Yes, you've probably guessed what this relates to - the old "how could Anakin just forget about the droids?" objection.  Thing is, I can't bring to mind a single instance where Vader actually got a good look at either of them.  Am I missing something here?

 - Sir Bob.


----------



## Phoenix8008 (May 19, 2002)

Lets see here, In Ep IV, he may have seen them at a distance as they crossed the Landing bay in the Death Star to enter the Millenium Falcon. Later he blasted R2 in the trench run sequence. Neither of these are conclusive. 

In Ep V, he gets close to 3PO in the Carbon freezing chamber, but the droid is in pieces on Chewie's back at that point. If someone calls 3PO by name here, I would think he should have reacted. Otherwise you get back to the standard answer to this question, there are lots of that type of droid in the universe and he's not gonna stare at each and every one of them.

In Ep VI, he doesn't get near either of the droids as far as I remember.

That's my best recollections. Any got better memories than me?


----------



## Lizard (May 19, 2002)

PenguinKing said:
			
		

> *Maybe someone can help me out here.  I need to know if there are any scenes in the original Star Wars trilogy where,
> 
> a) Vader actually lays eyes on either R2D2 or C3P0, or
> 
> ...




The first car I remember my mother owning was a red Ford Pinto.

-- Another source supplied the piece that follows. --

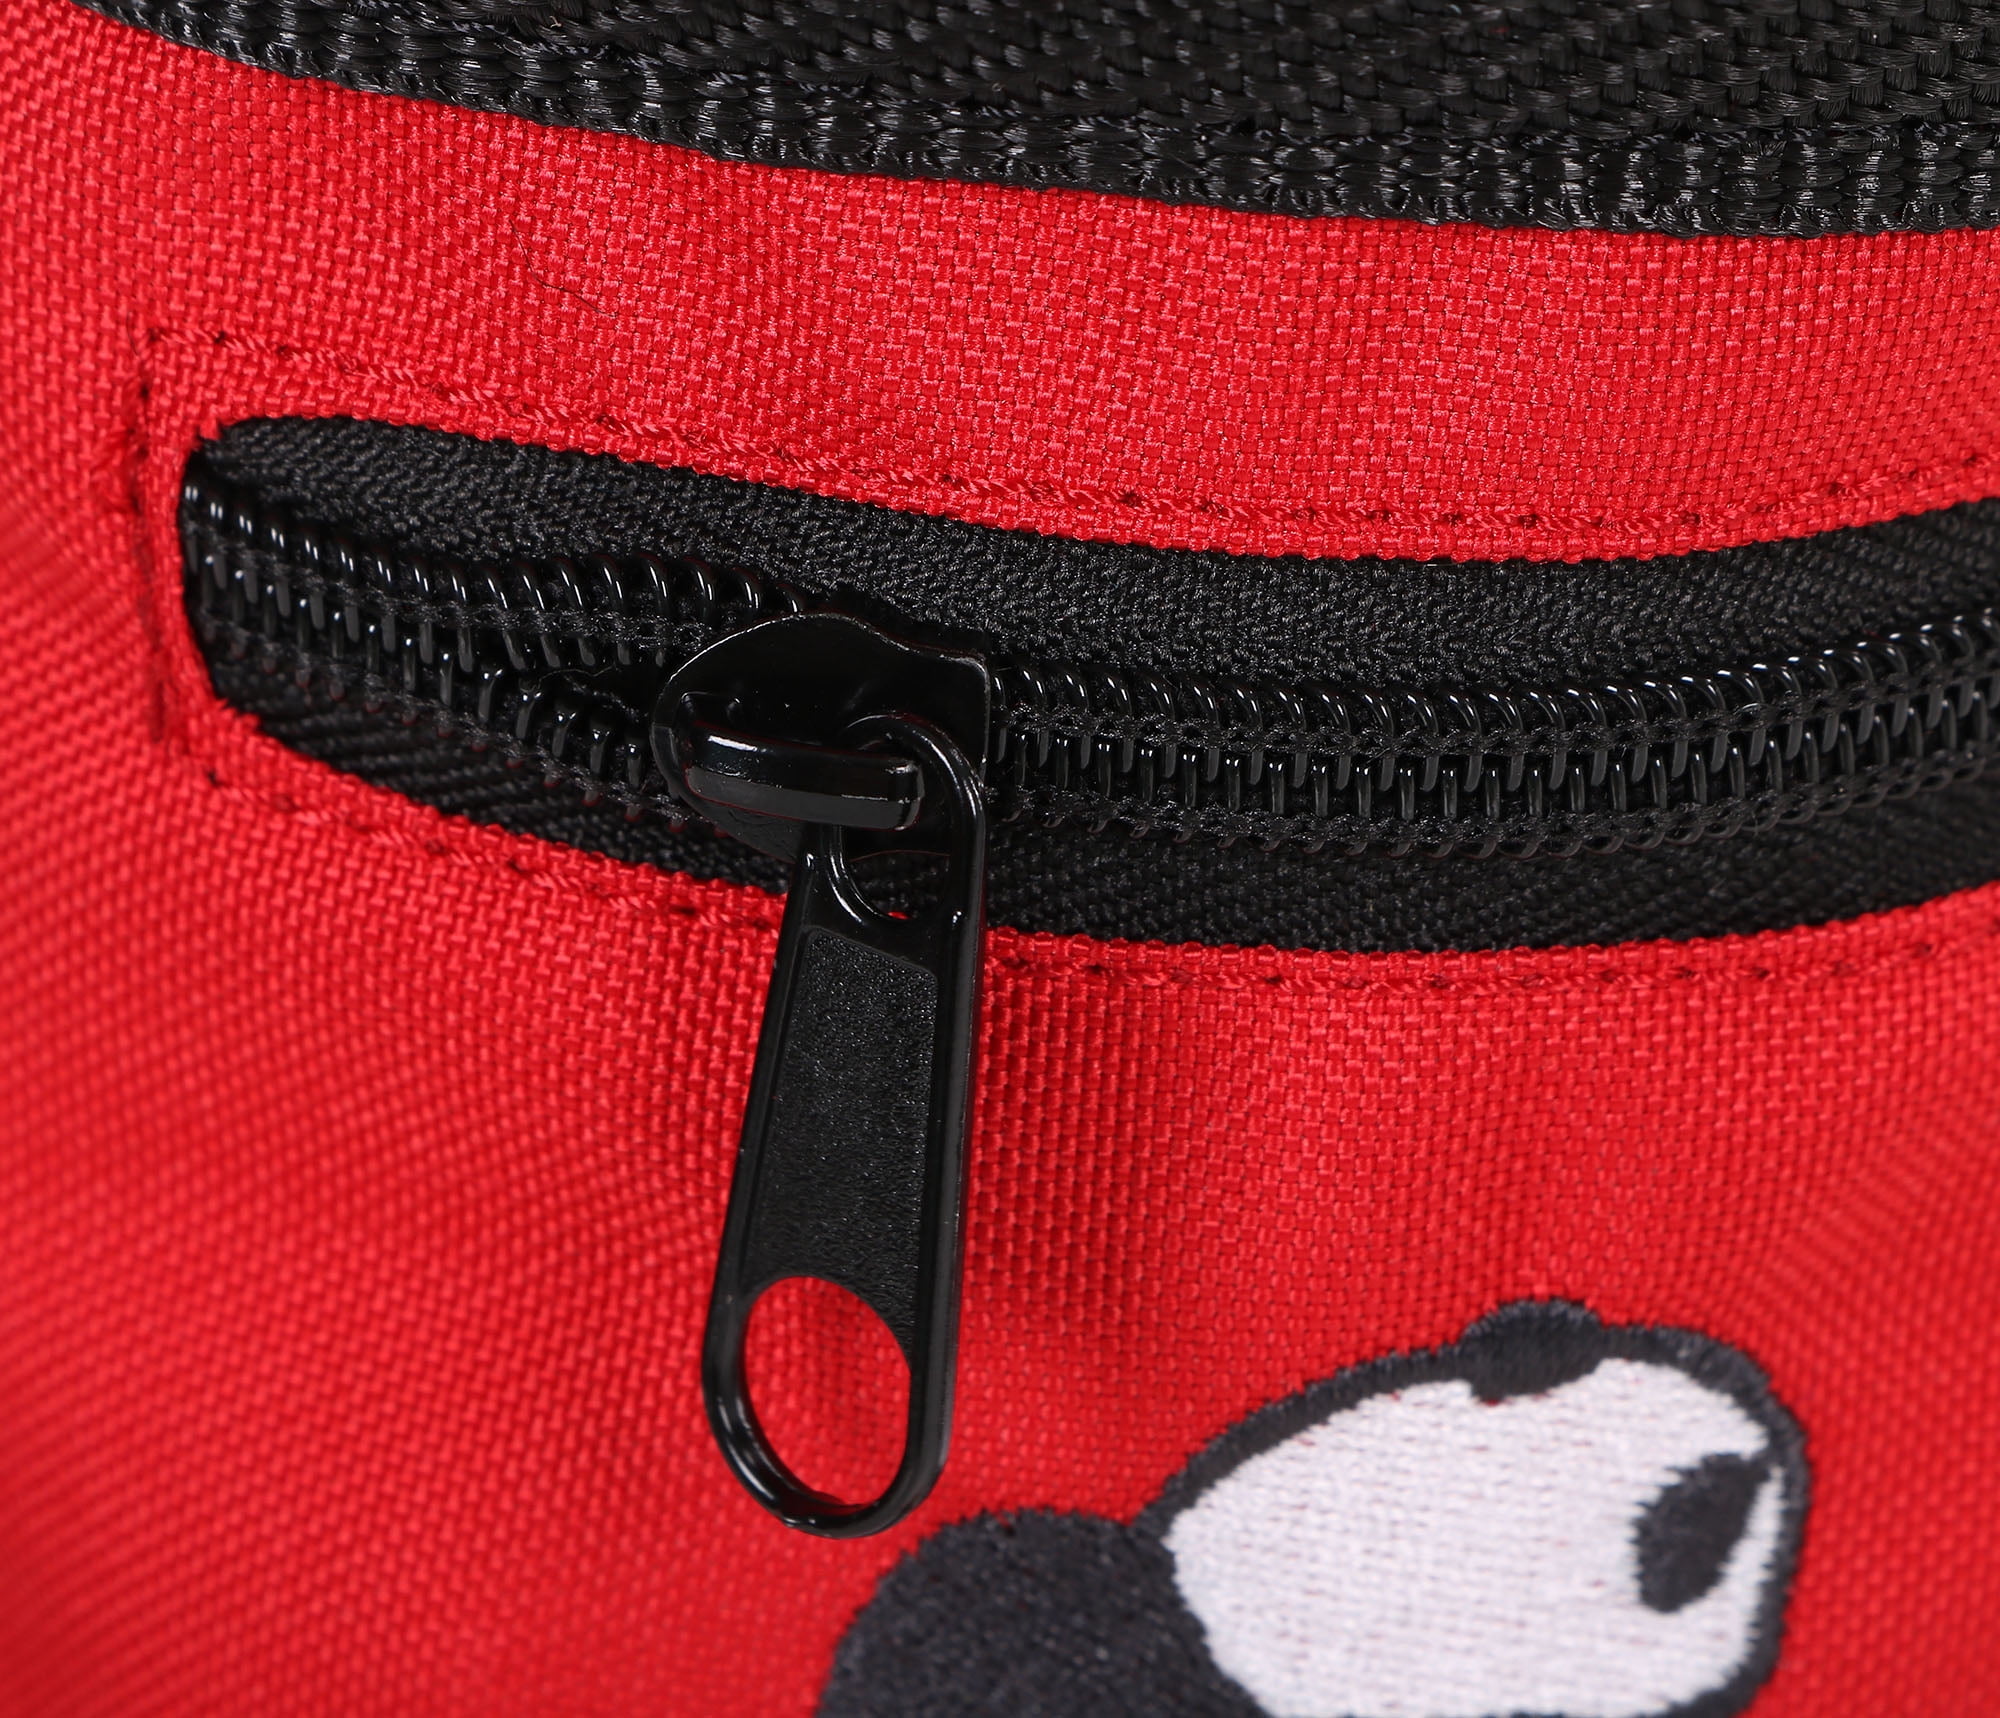 AMC Rock Climbing Panda Embroidered Chalk Bag w/Zip Pocket

Whenever I see a red Pinto on the road, I do not think, "Hey, that might have been my mother's old car!" At best, I'll think, "Hey, my mother used to own a car like that."

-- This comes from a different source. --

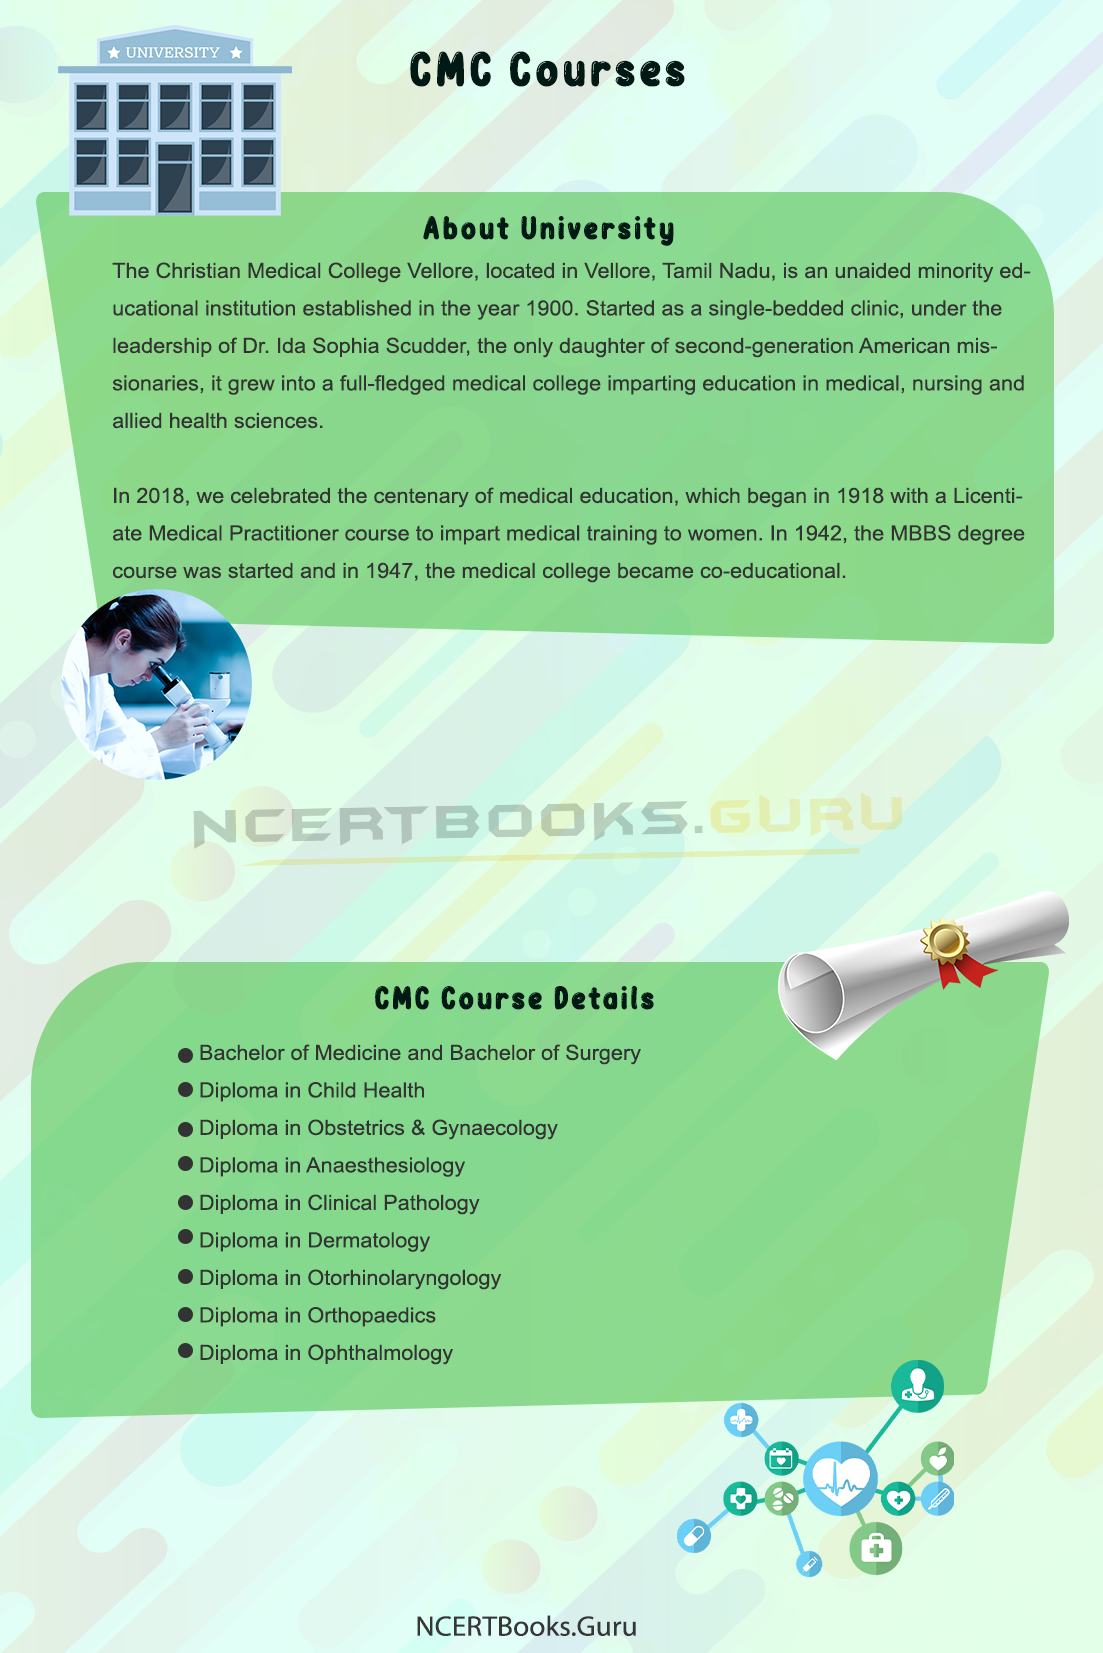 CMC Courses

The are tens of millions of R2-D2's and C-3POs. We don't see droids with that designation in the movies, other than the 'stars', for the same reason you will never see two characters named "John Smith" in the same movie (usually). There is no reason for Darth Vader, upon seeing a protocol droid or an astromech droid, to think they might be the exact same droids he knew when he was  kid/young man.


----------



## Jerrid Al-Kundo (May 19, 2002)

Here's the part I find creepy:

Episode I: _Master Anakin, I know you're my maker and all..._

Episode IV: _Bless the Maker, this oil bath is going to feel so good..._

Anyone else catch that?


----------



## RangerWickett (May 19, 2002)

Well, we know that Obi-Wan is either lying or mistaken about not recognizing Artoo in Ep4.  He had enough contact with R2D2 for me to think he'd at least recall the name.  And I dunno, I guess Anakin never really talked about himself to Kenobi, or else he would've mentioned that, "Hey, Obi-Wan, did I ever tell you that I made this droid called C3P0?  Yeah, he lived with me for a while, and later with my mom.  Y'know, he was even at that big battle we had, where all the clones came and saved our butts.  Funny, ain't it?  Oh, but *waves hand* you don't want to remember that for Episode IV."

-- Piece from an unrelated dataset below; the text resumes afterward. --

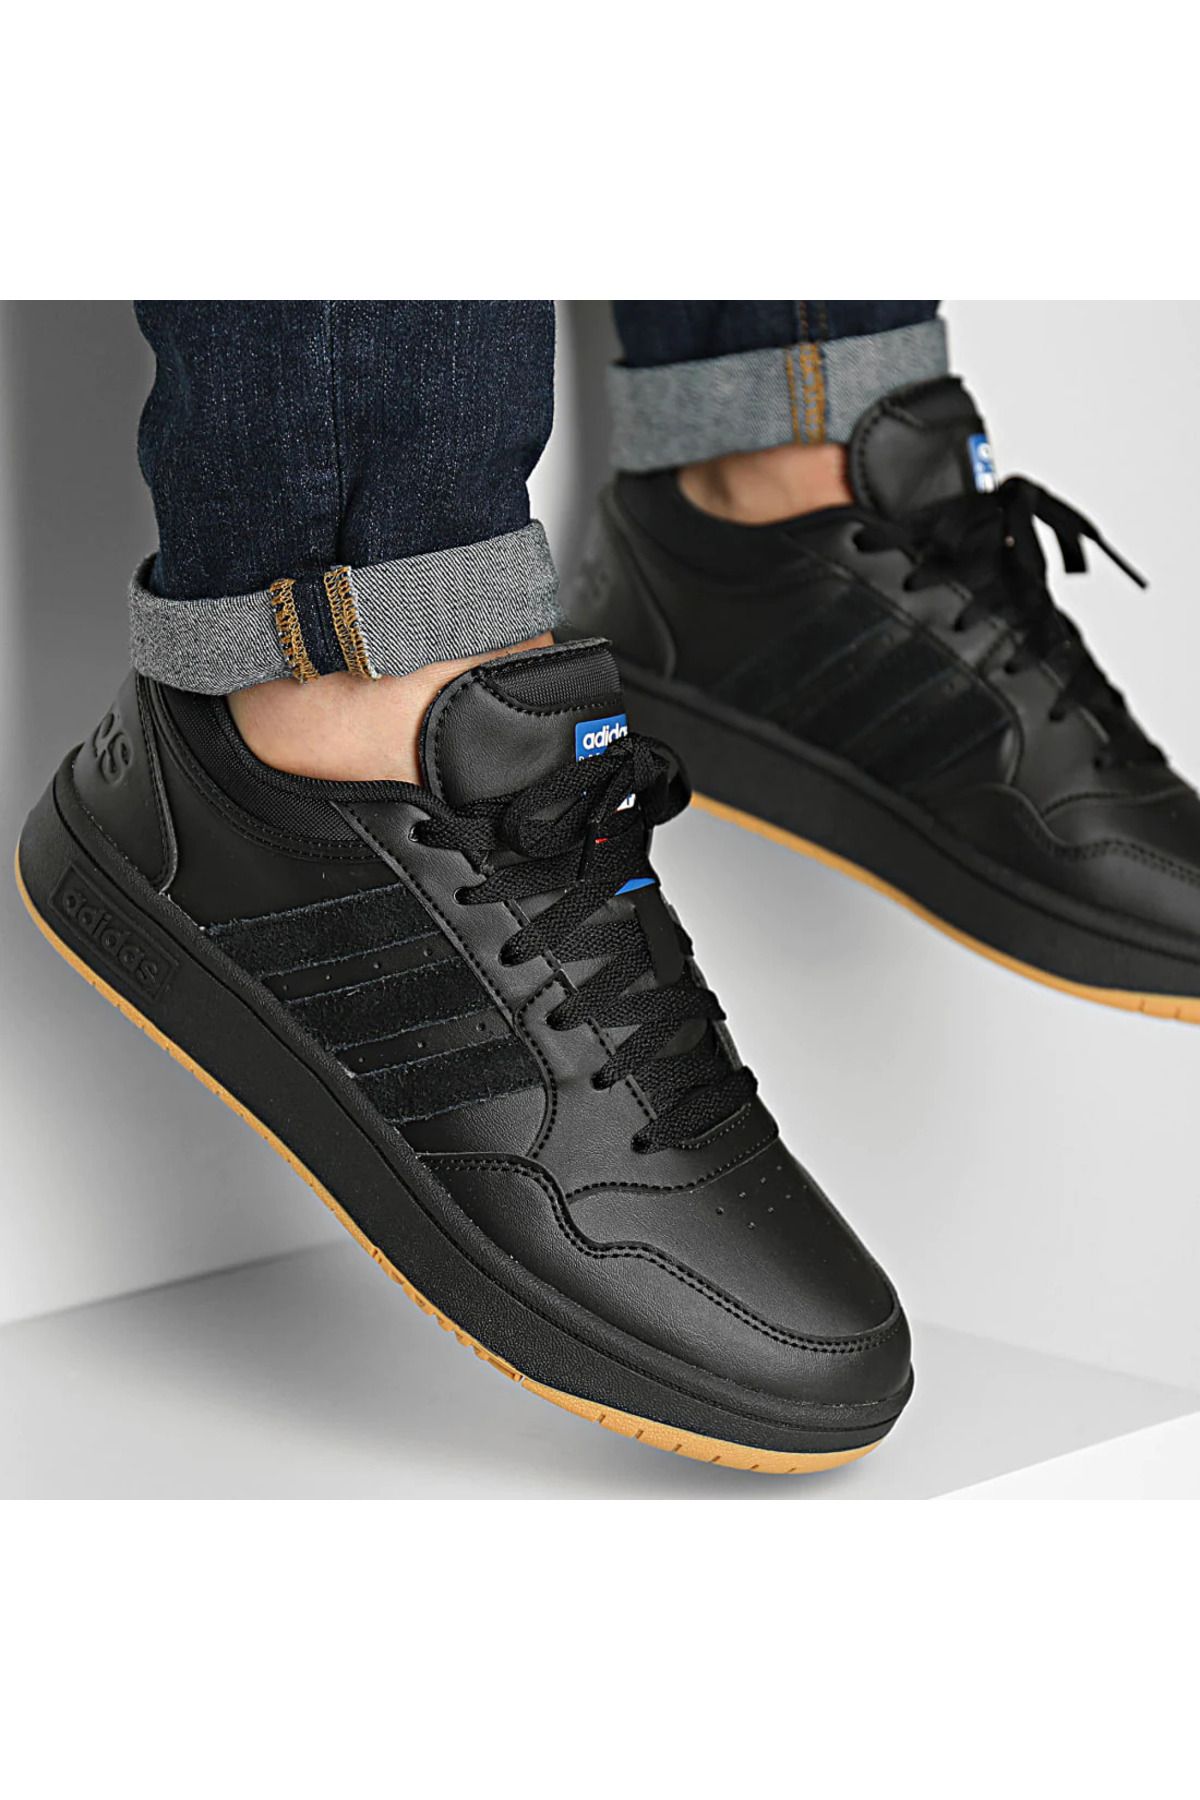 adidas Hoops 3.0 Günlük Ayakkabı Sneaker Siyah

Kenobi:  "What's Episode IV?"

Skywalker:  *waves hand* "You never heard me mention Episode IV."





And how the heck did Owen not remember C3P0 when he _buys him again_ in Episode IV?!  I guess it was just R2 using his amazing Continuity-Glue powers to keep things from falling apart.


----------



## Zarrock God of Evil (May 19, 2002)

C3P0 looks a lot differently upon his return to Tatooine in Episode IV than he did when he left it. Owen Lars led a tough and demanding life for more than 10 years in the desert wasteland of Tatooine in between their encounters - I think its reasonable to assume that he may not recognize one protocol droid from the other...

-Zarrock


----------



## Ziggurat (May 19, 2002)

It also bothers me that in Ep. 4 "My first job was programming binary load-lifters; very similar to your vaporators in most respects", when we know that his first job was probably in fact programming exactly the same vaporators he's now responsible for.

both C3PO and R2D2 will obviously have to have their memories erased next episode.  At least that will make him forget about those dreadful puns


----------



## Vaxalon (May 19, 2002)

The binary load-lifters, clearly, were in Watto's junkyard.  Load-lifters would be useful there.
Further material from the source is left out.